NEPDC leverages the expertise of multiple partner organizations to provide client assistance across all stages of commercialization, including:
- Early stage product and market evaluation
- Technology assessment
- Regulatory pathway planning and execution
- Prototype development
- Laboratory and animal testing
- Pre-clinical and clinical evaluation
- Comparative effectiveness clinical trial design
- Commercialization planning and execution within the pediatric research and innovation community
This network -which includes links to industry, academia, and the greater clinical community- has been created to help clients overcome the unique challenges surrounding the development and translation of pediatric and orphan products for clinical and consumer use.
Pediatric Technology Sourcing and Assessment Core
The Sourcing and Assessment Core, led by CIMIT, oversees evaluation and facilitation of device ideas and offers technology sourcing expertise based on over 15 years of medical device development experience. Members of this Core have experience evaluating technical and commercial feasibility, regulatory hurdles, clinical relevance, intellectual property and technology transfer, market evaluation, cost estimation, and financing opportunities.
Pediatric Device Clinical Evaluation Core
The Clinical Evaluation Core is comprised of the Institute of Pediatric Innovation, pediatricians, and representatives across multiple pediatric clinical sub-specialties. Members assist clients by helping to develop the infrastructure and tools needed for pre-clinical evaluations, including laboratory and animal testing. This group also provides clinical feedback and guidance on the “next steps” in the pathway from idea submissions through clinical testing. The Clinical Evaluation Core works closely with the Comparative Effectiveness & Clinical Research Core to develop a cohesive assessment plan that best addresses regulatory concerns.

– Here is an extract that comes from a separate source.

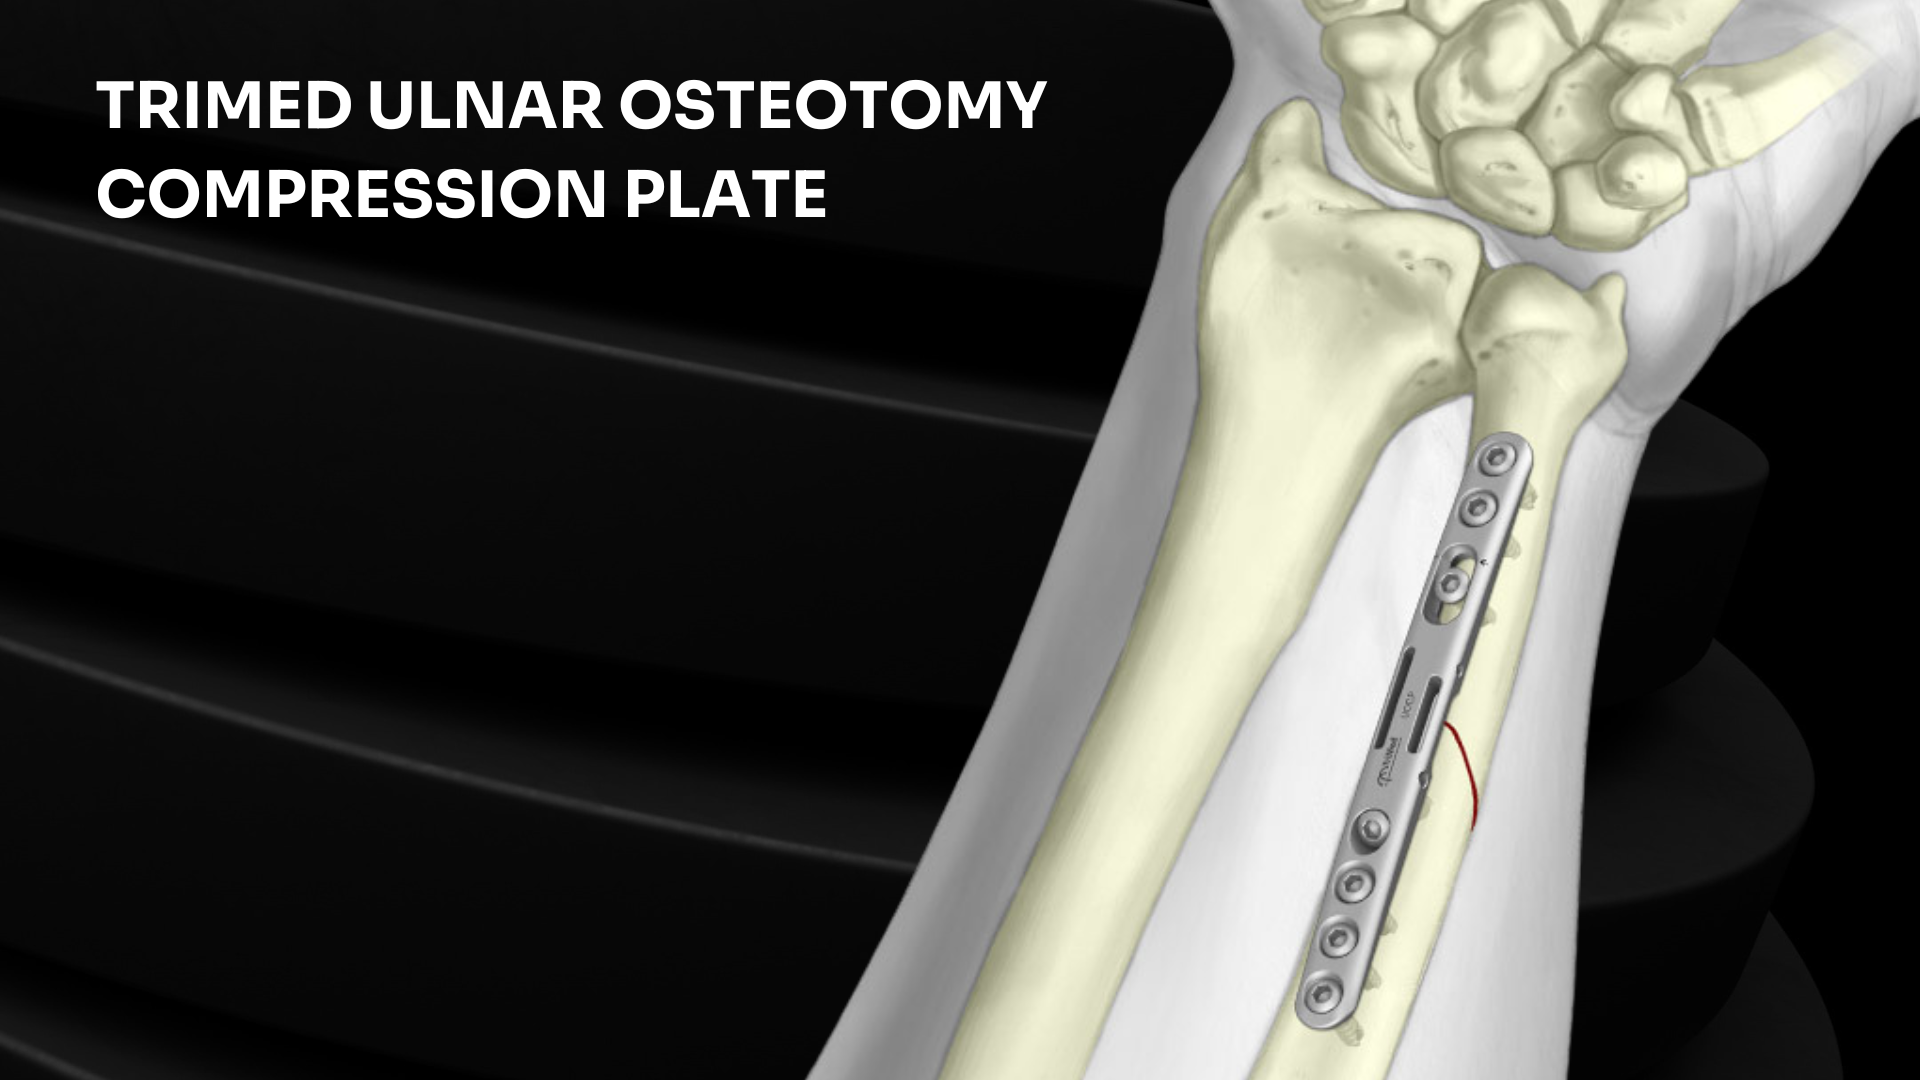 TriMed - Ulnar Osteotomy compression plate

Pediatric Technology Development Core
The Technology Development Core has existing capacity and expertise to work with and/or advise NEPDC clients to design, build, test, and transfer to manufacturing technology concepts. This team is comprised of members from Simbex and Thayer School of Engineering including professionals in electromechanical systems, materials research and testing, industrial design, software interfacing, and computer modelling. Simbex, as a medical device development company, has intimate knowledge of the development process. They facilitate navigating the full medical device regulatory and documentation requirements, inclusive of modules for Design History File development and maintenance, regulatory evaluation and submission to FDA, and manufacturing of medical devices to GMP requirements. Resources through the relationship with the Thayer School of Engineering at Dartmouth College provides additional means for prototyping design projects, academic engagement, and a link to the Office of Entrepreneurship and Technology Transfer at Dartmouth College.
Comparative Effectiveness Clinical Research Core
The Comparative Effectiveness & Clinical Research Core provides education, services and training to help clients develop and propose relevant and practical clinical trials to support the validation and translation of pediatric devices. This team is comprised of physicians and health care and policy professionals from The Dartmouth Institute for Health Policy and Clinical Practice who can dramatically improve the success rate of pediatric technology commercialization. Services include assisting clients collect data for FDA medical device requirements, clinical implementation and evaluation of efficacy, and providing necessary clinical data for reimbursement considerations. NOTE: This Core is well-positioned to provide advice to clients on appropriate trial design; however, execution of comparative effectiveness trials, which likely requires additional funding from third parties, is beyond the scope of NEPDC.